### INPUT DATA
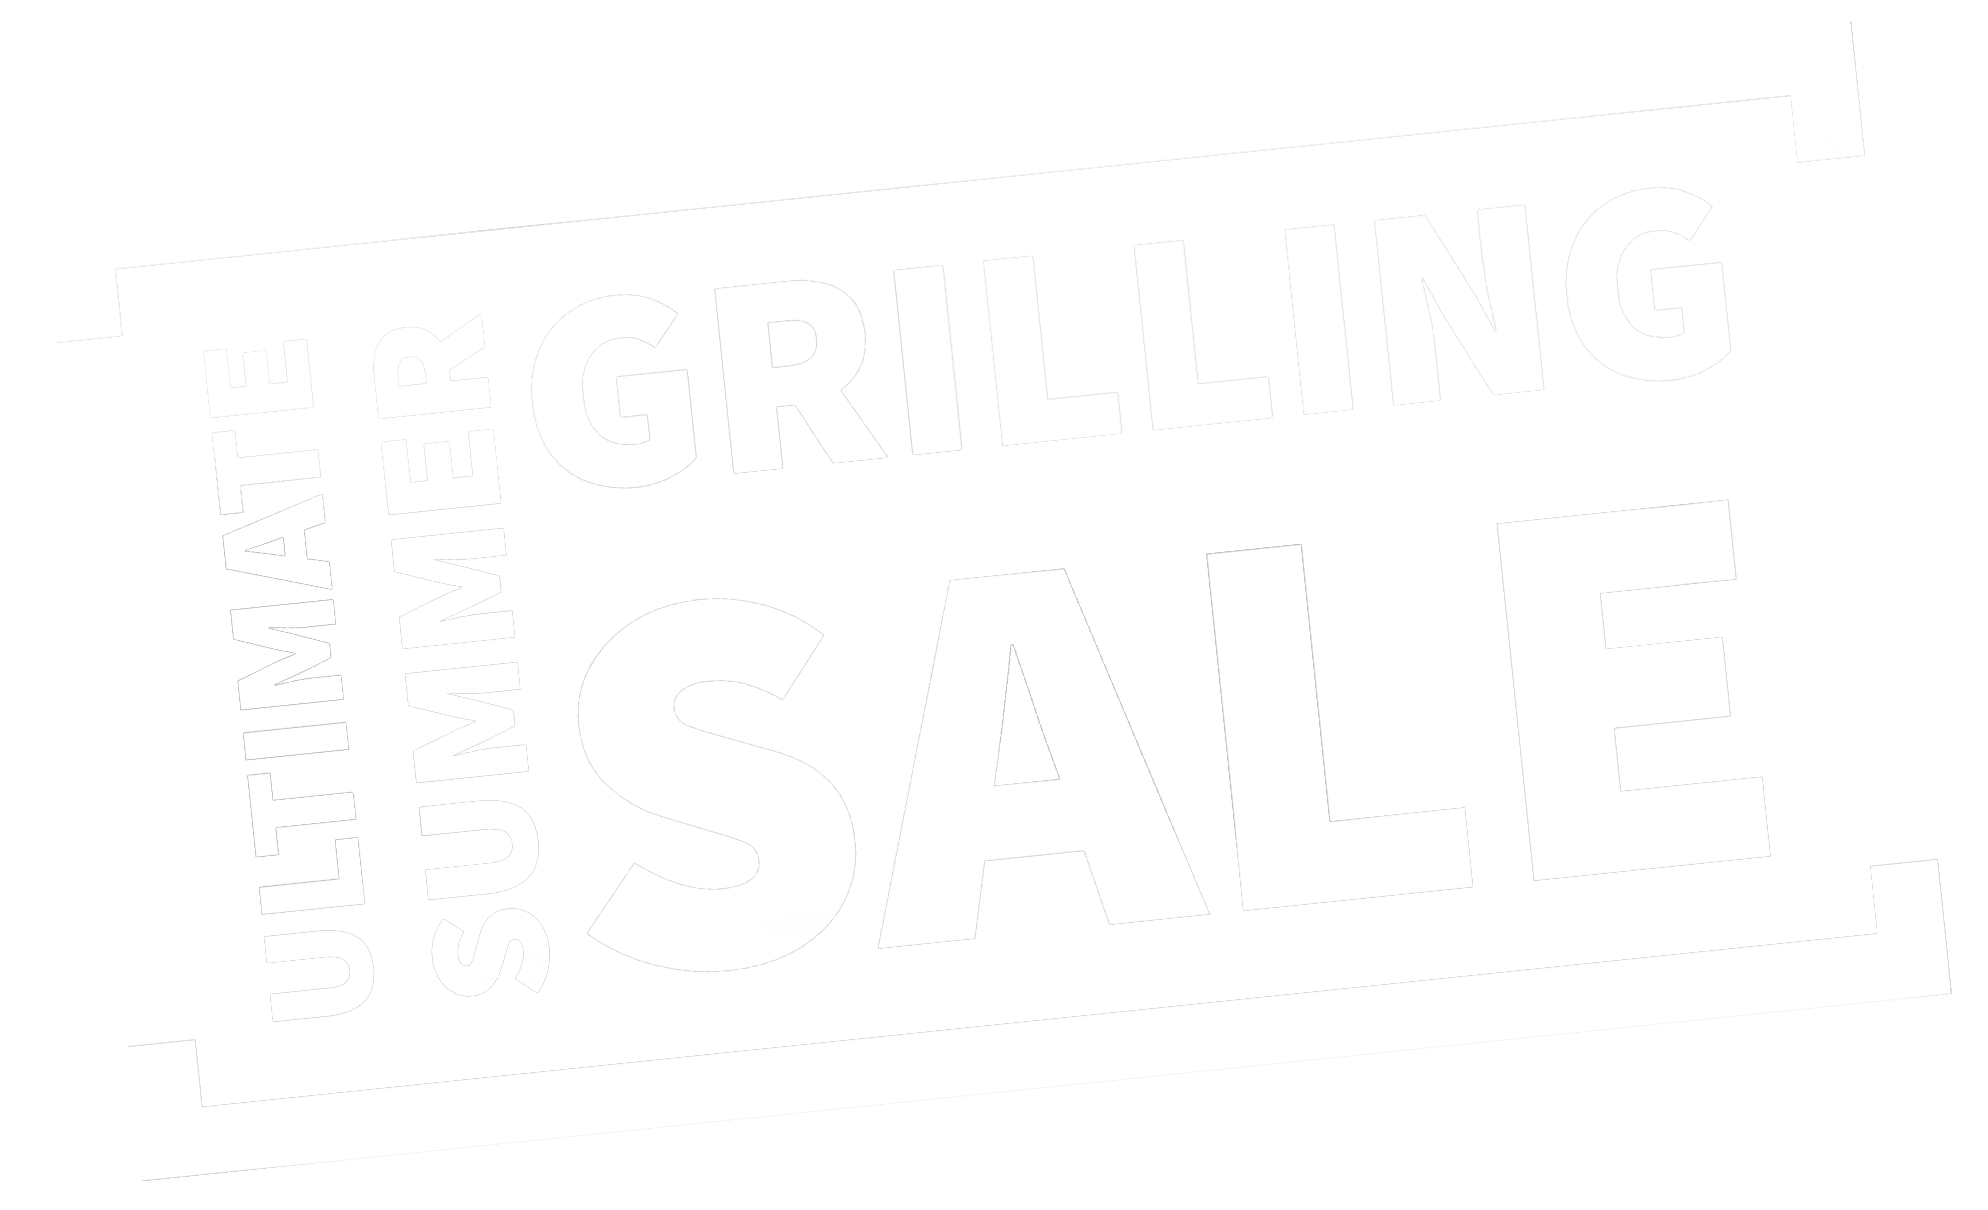 Ultimate Grilling SALE FG 2
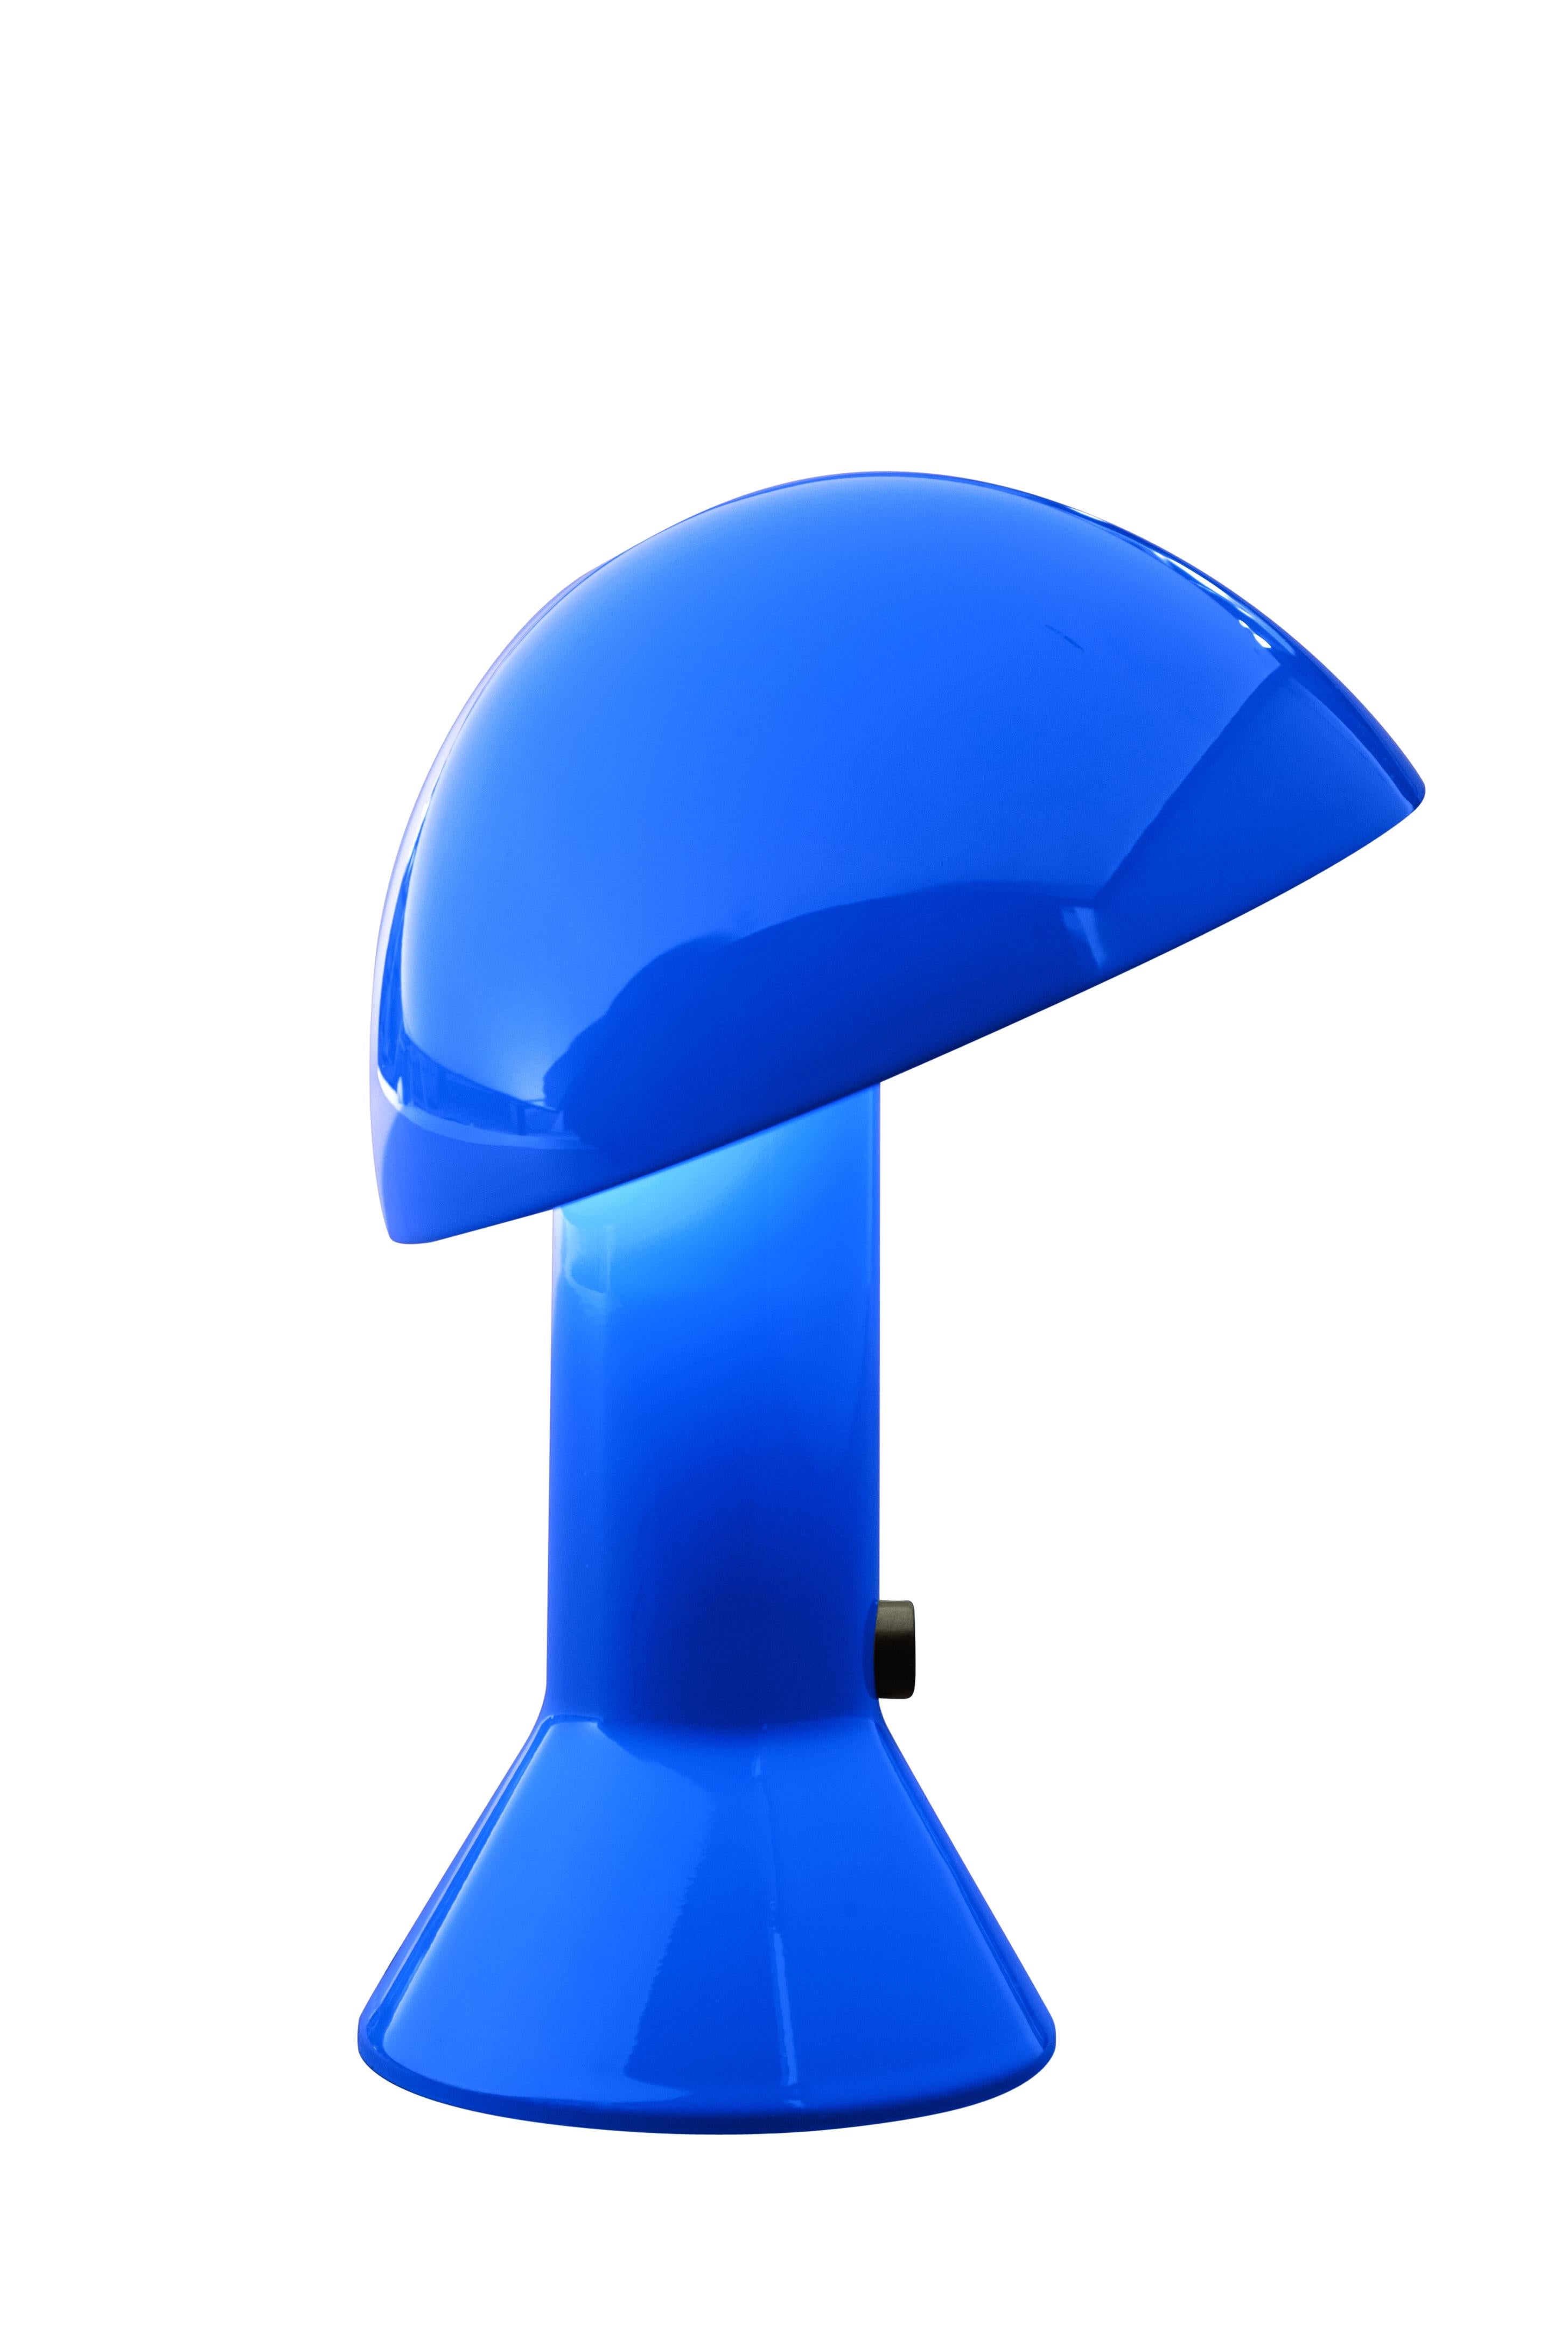 For Sale: Blue Martinelli Luce Elmetto 685 Table Lamp by Elio Martinelli
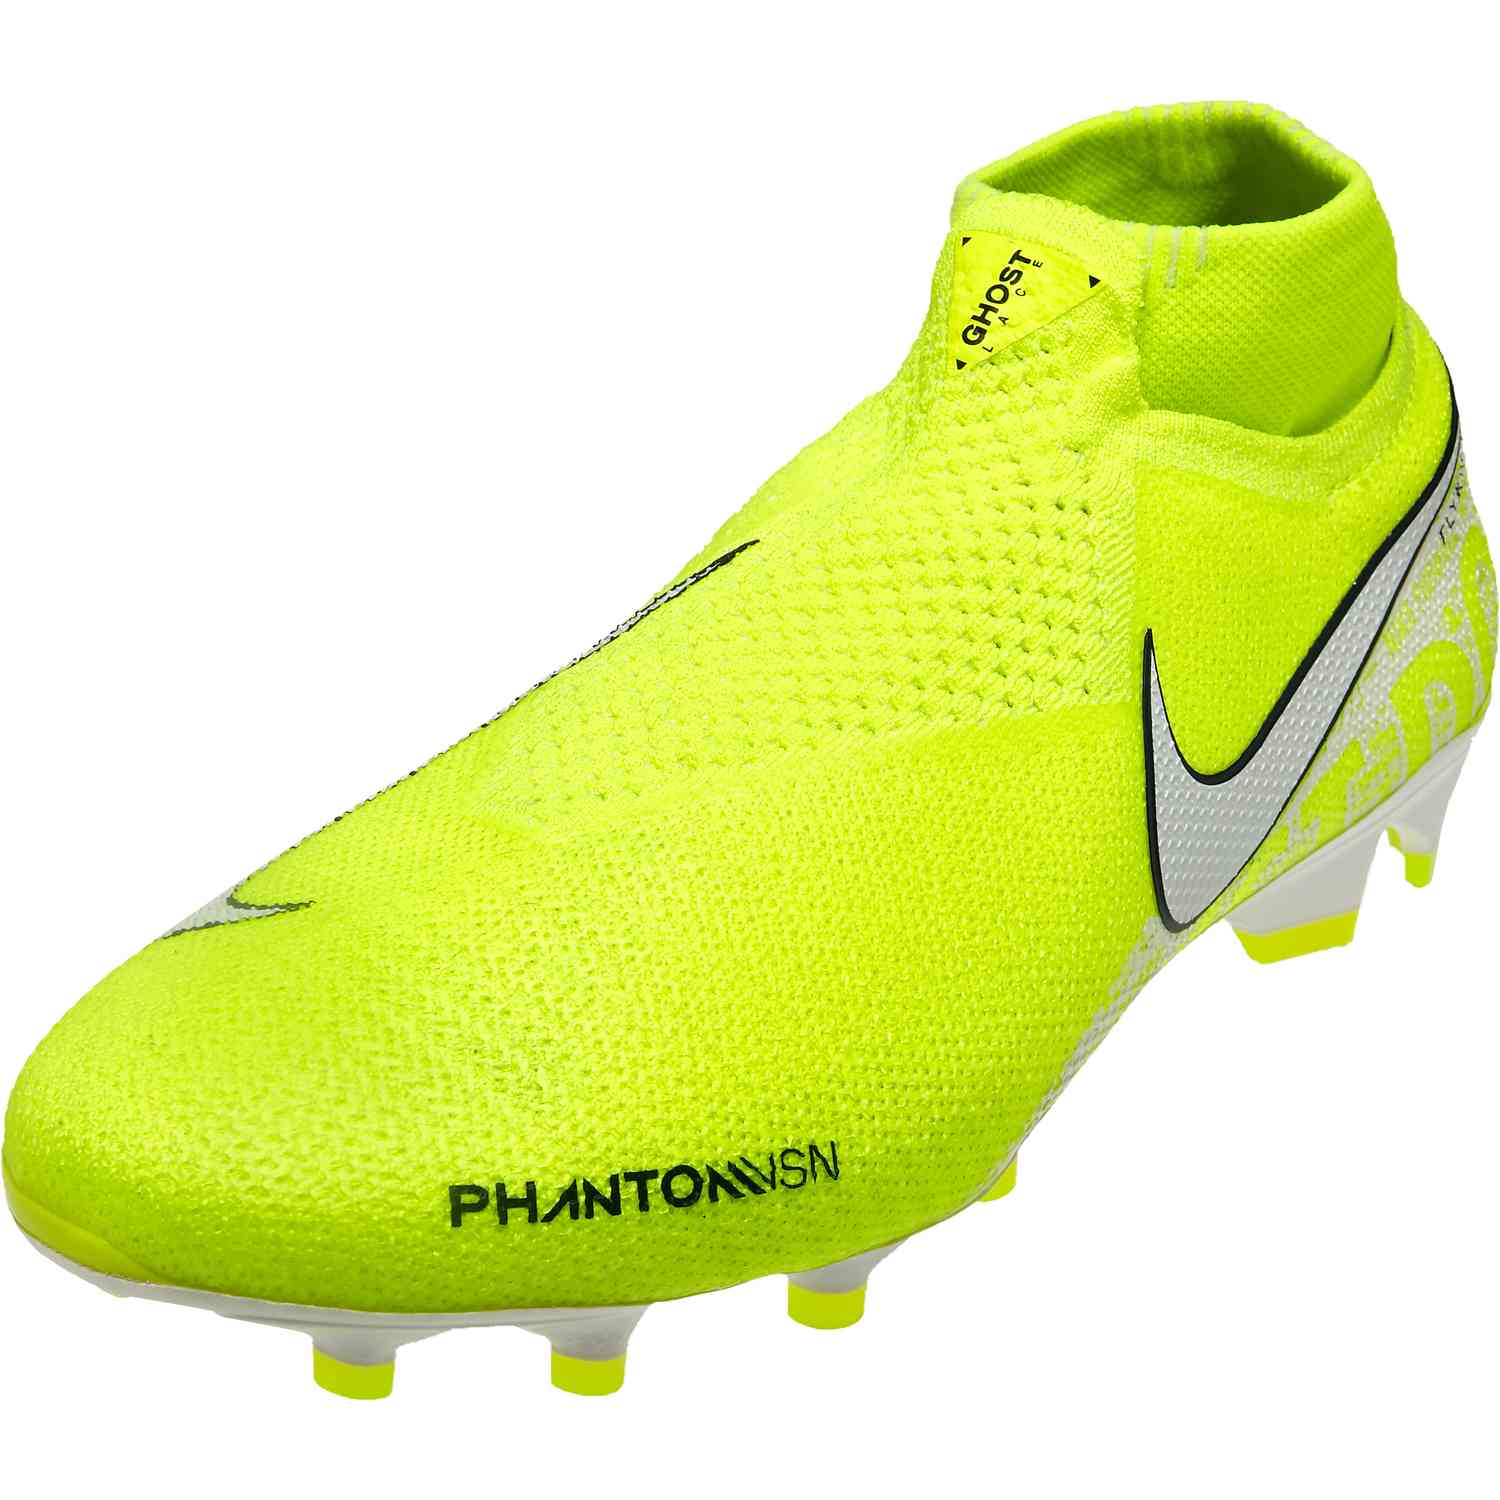 nike phantom vision elite dynamic fit fg soccer cleats

### AIM OF THE EXERCISE
All of the data above should be quoted exactly, except for the pictures.

### WRITTEN RESPONSE
 Ultimate Grilling SALE FG 2
 For Sale: Blue Martinelli Luce Elmetto 685 Table Lamp by Elio Martinelli
 nike phantom vision elite dynamic fit fg soccer cleats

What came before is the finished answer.